What everything inside the blue box adds up to, however, is a kind of a clusterlol for two reasons:
1) it's a huge collection of interconnected puzzles that need to fit in place like magic; working all of this out is both hard, daunting and fun
2) instead to the traditional problems of working out visibility, collision and batching based on a statically optimized data structure (eg a BSP tree), I want to accomplish the same with streamable geometry. "Yes, but any open-world RPG out there already does that," you might say. True, but those guys probably know what they're doing. Or so I'm told (well, I personally find Skyrim's loading times truly impressive). In any case - doing this for indoor scenes requires radical rethinking, which starts with the editor.
With that aside, I'd like to outline a few more goals, some of which have already been partially implemented and some of which are just something I want to do:
- minimal artist intervention: the level editor is the artist's only tool. As such it needs to be up to par. I already have the "geometry part" up and running to a very large extent (CSG, mesh operations, etc), but the editor truly is the most complex (not really "complicated", but complex) component in the mix
- zero turnaround: the entire objective is to use a data management scheme that works in small chunks and can literally be "streamed" from the disk in real-time, both for in-game rendering and editing. Consequently, my objective is to have zero-latency compilation time. The truth is lightmaps cannot always be calculated interactively (although I'd say one can get pretty close on a multicore system) and the PVS is something I haven't even looked into yet. Hence, both can be expected to take a fair amount of offline computational time, which I'm bent on holding at odds with my goals. It's 2013 - there has to be a better way.

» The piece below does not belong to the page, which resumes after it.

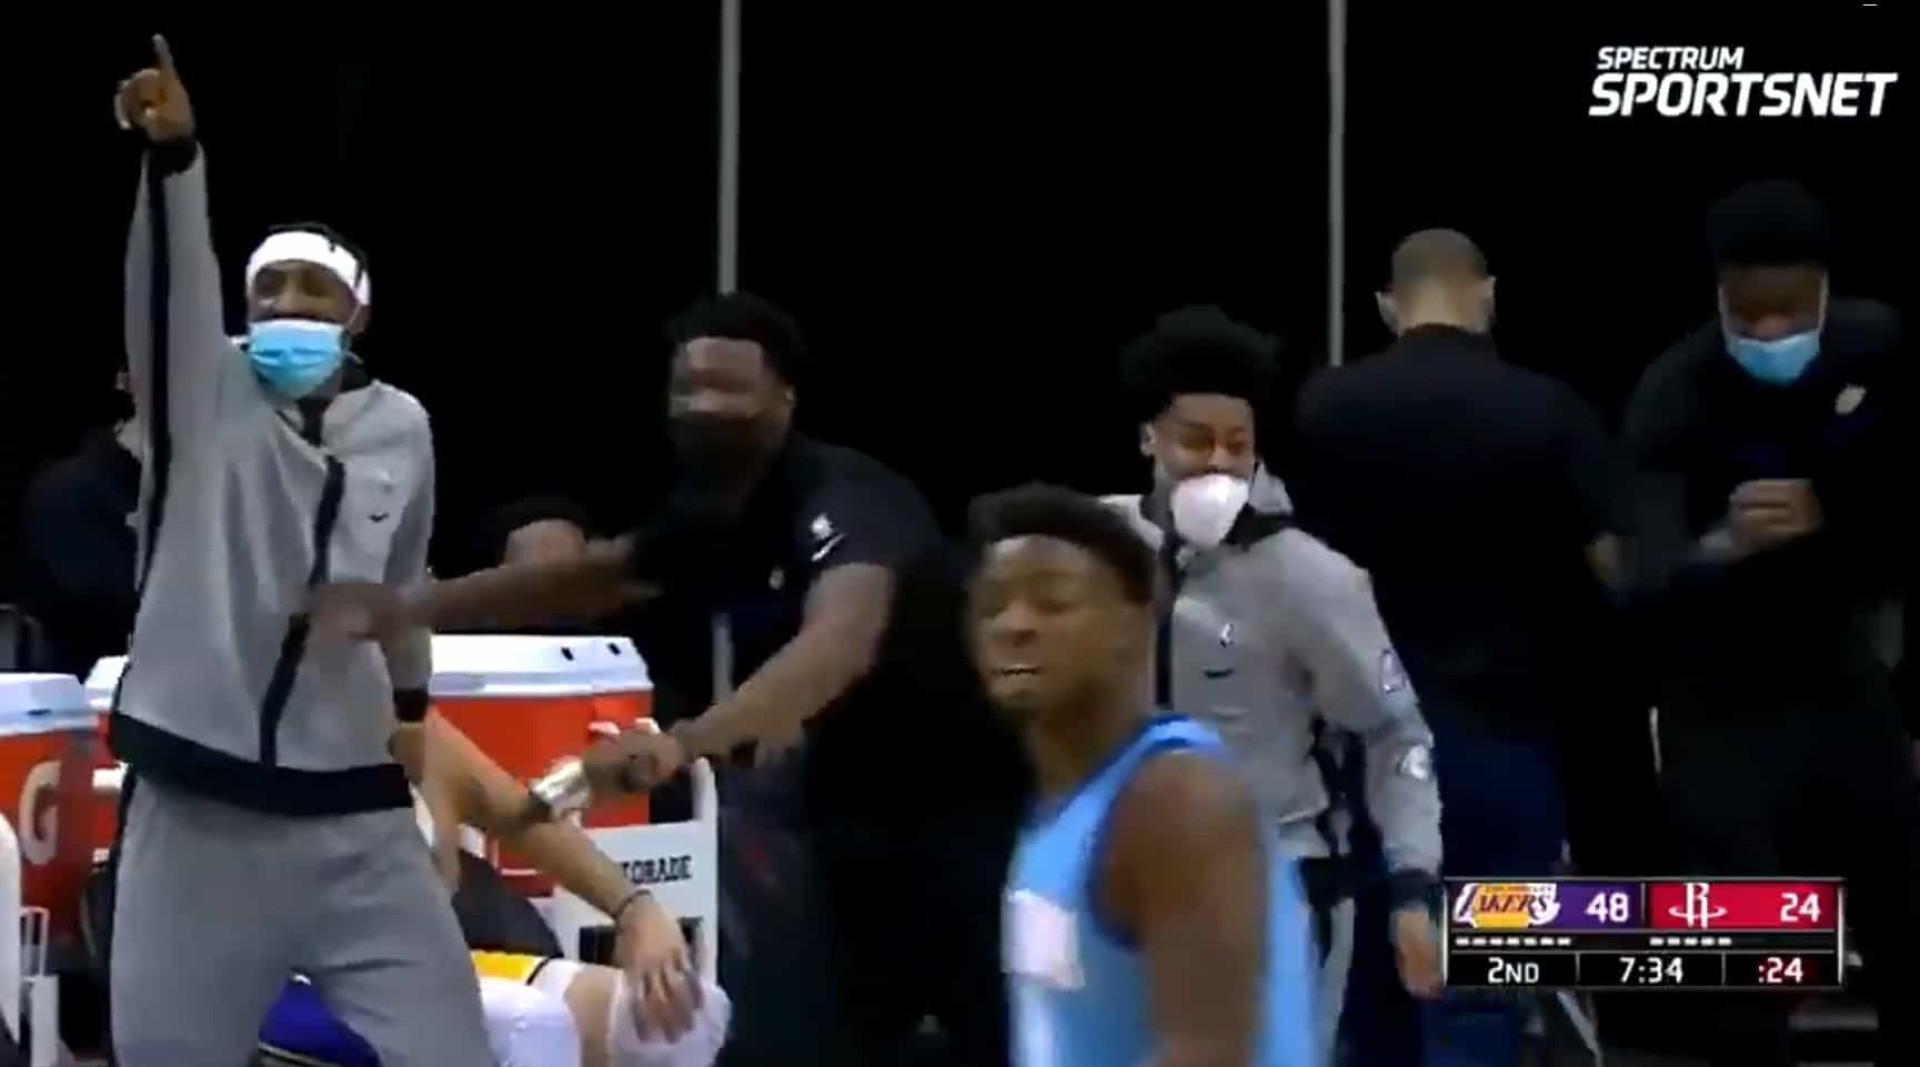 O lance de LeBron James que dá que falar. Lançou e... virou costas

- WYSIWYG editing: most professional engines offer this provisionally - that is, you can enter the game world, walk around and do stuff, but you still need to perform a final build of the level; my objective is to remove this build step or in the very least hide it
- a good look-ahead system: the whole point of a streamable world is to keep the right components loaded at the right time. In theory this sounds simpler for open-world RPGs (in practice it's much much more costly, especially considering that terrain is much heavier on raw geometry than a well-constructed indoor scene); nevertheless, I consider a good look-ahead/caching system vital
1 "Huh?". Exactly!
2 I'd like to expand on this, because there's actually a very valid point to be made: a number of things I bring up here and possibly later have to do with relatively high end optimizations after the computer's resources have been used up and the system is truly bogged (like instancing for CPU bottlenecks or software rendering to perform rough visibility checks - stuff one can find in real game that has to spit out a truly majestic amount of geometry and still perform well). In reality all this is laughably at odds with environments that have a few hundred to a few thousand polygons (as are the ones I'm aiming for). I'd like to stress that that's not the point. My aim here is to go that extra mile, probably test it in the lab and act like I'm going to take full advantage of it one day. For now it's make-believe; magic; a process of substitution to going back to working on a 486 and trying to get by with less than 1% of the resources we have at our disposal today. Why on earth would anyone do that? The answer is that I'm not sure. Because I can. And also because doing stuff the hard way makes you better person - most of the time. Also - because that's how you learn.
Image: the Twelve Apostles in Australia, Feb 2013. Quite the enriching experience.